Experimental mechanistic insights and proposed mechanism. (A) Halogen effect and influence of catalytic I₂. Yields were determined by ¹H NMR with CHPh₃ as internal standard. (B) Proposed reaction mechanism. (C) Previous reports of N-phosphonium pyridiniums.

Next, we explored the substrate scope for this C–P bond-forming reaction (Scheme 4). Note that the iodopyridine starting materials were either purchased commercially or were prepared in house, and it was not necessary to add exogenous I₂. Also, we precipitated the phosphonium salt products from the reaction mixtures in high purity. Electron-withdrawing substituents at the 3-position worked well in the reaction, as did electron-donating groups when we raised the temperature to 50 °C (1b–e). It is notable that hydroxy and amino groups do not interfere with the reaction. We also obtained the 3,5-disubstituted salt 1f in excellent yield. The reaction tolerates 2-substituted pyridines, with pyridones, azaindoles and 2-arylpyridines performing well under the reaction conditions (1g–j). Importantly, S_NAr-active halogens at other positions on the pyridine ring do not erode regioselectivity (1k and 1l). Salt 1m formed without evidence of cyclization onto the pendent alkene, thereby disfavoring a mechanism involving a radical at the 4-position of the pyridine ring.¹³ The reaction was extended to quinolines and 2-iodopyridines (1n–p), and we also obtained phosphonium salt derivatives of the pharmaceuticals etoricoxib and loratadine (1q and 1r, respectively). The most pertinent limitations of this reaction are the failures to react of 2,6-dihalopyridines or of pyridines with strongly electron-withdrawing groups, such as trifluoromethyl groups, at the 2-position. We found that S_NAr-active iodoarenes did not function in this reaction.

Scheme 4.

Reaction scope. Reagents and conditions: Iodopyridine (1.0 equiv), P(p-anisole)₃ (1.0 equiv), CHCl₃ (0.1 M), 0–80 °C, ≤48 h. Isolated yields shown. ^a rt. ^b 50 °C. ^c 80 °C.
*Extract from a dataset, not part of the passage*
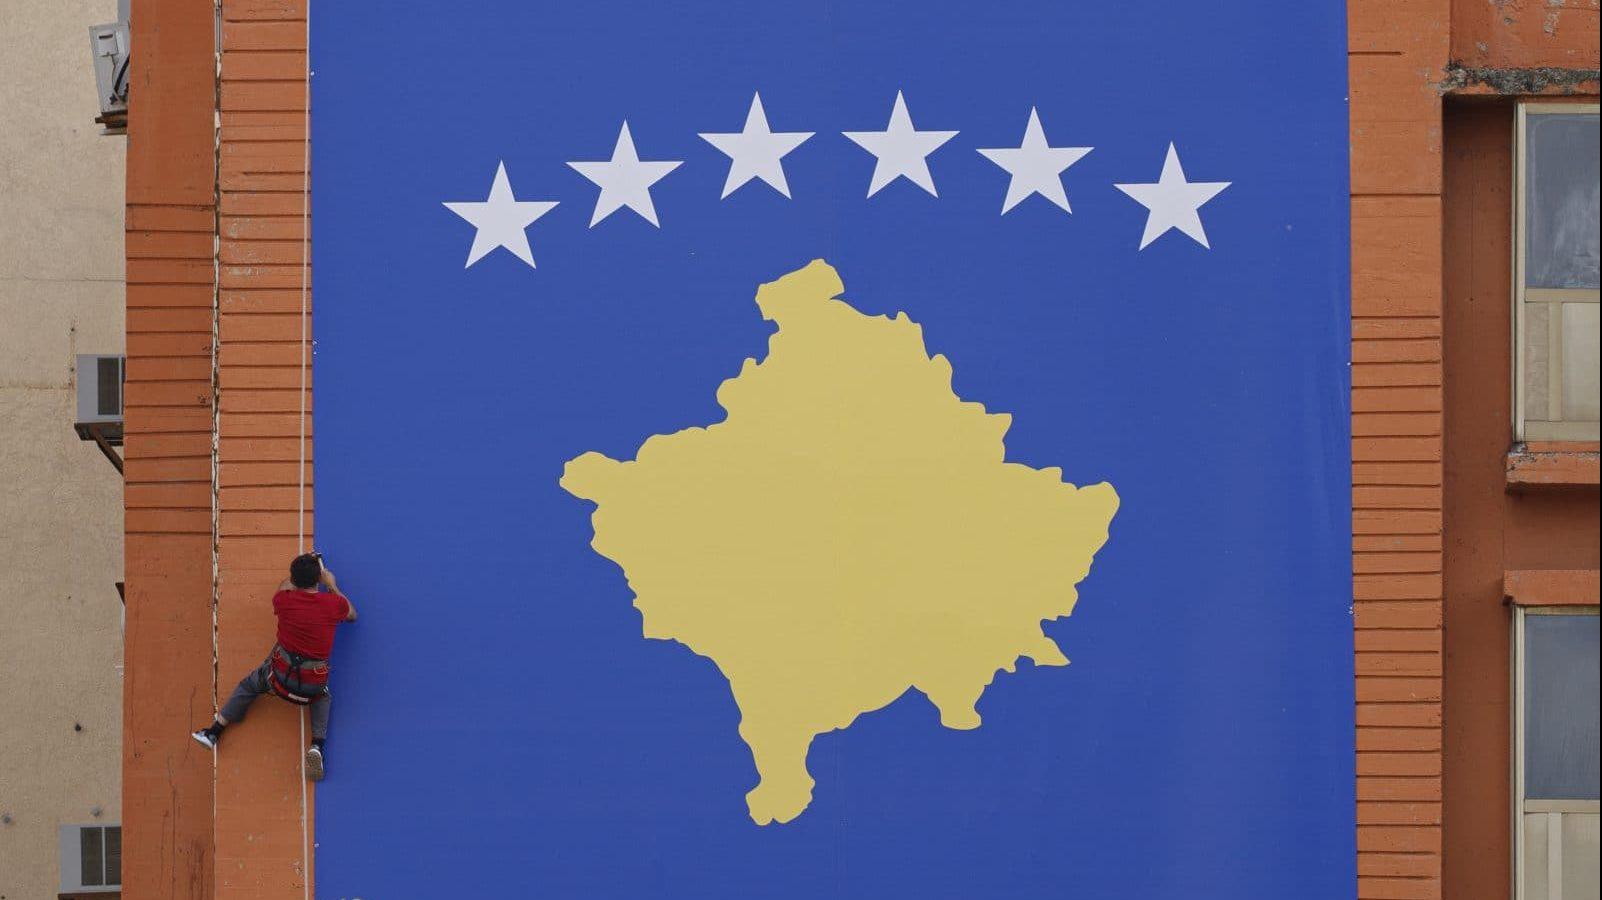 Field Missing: Discrepancies and Gaps Plague Kosovo's Public Data
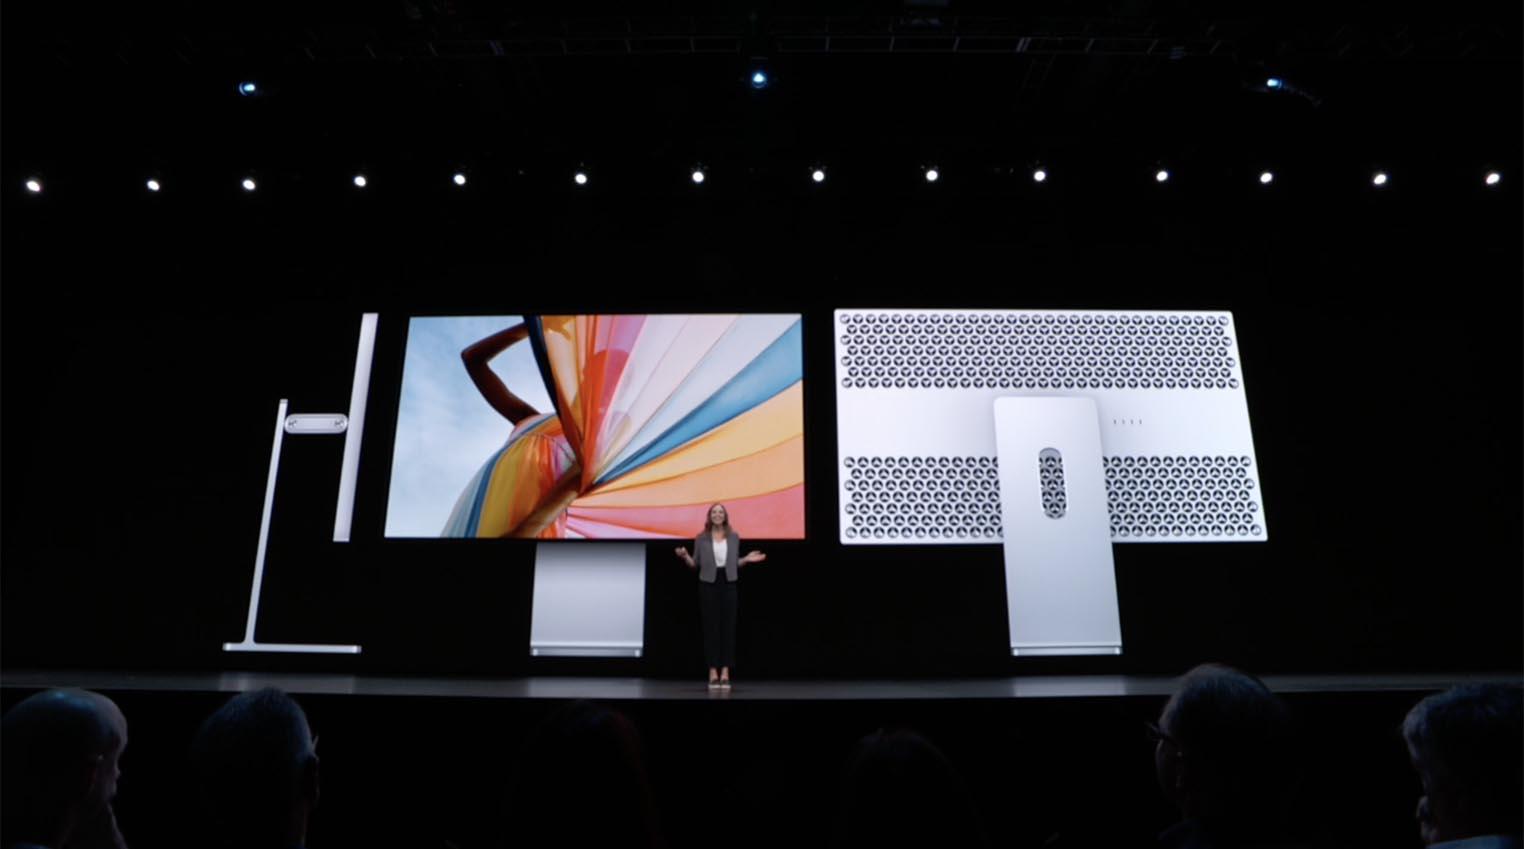 Pro Display XDR keynote

Next, we attempted to detect the proposed N-phosphonium–pyridinium dication by using NMR spectroscopy (Figure 1). It was not possible to observe this intermediate from 4-iodopyridine, as the S_NAr reaction occurs too quickly. However, use of pyridine as a substrate did provide some insight. Treating pyridine with 50 mol% I₂ produced an up-field shift of the ortho and para protons in the ¹H NMR spectra.¹⁴ The corresponding experiment with pyridine and 50 mol% of I–⁺PAr₃ showed deshielding indicating the presence of a different species, which we assume is the N-phosphonium dication. We are currently performing further studies to investigate the mechanism of this reaction.

Figure 1.

I₂ and I–⁺P(p-anisole)₃ spiking study for N-activation of pyridine

In summary, we have developed an unusual S_NAr reaction of iodopyridines with phosphine nucleophiles. We postulate an unusual dicationic N-phosphonium pyridinium salt as a key intermediate that promotes rapid C–I-to-C–P substitution. We obtained a range of pyridyl phosphonium salts by using this method, including some examples that would be difficult to obtain by conventional S_NAr methods.¹⁵ We are currently investigating other ways of exploiting this pyridine N-activating group in our laboratory, and the results will be reported in due course.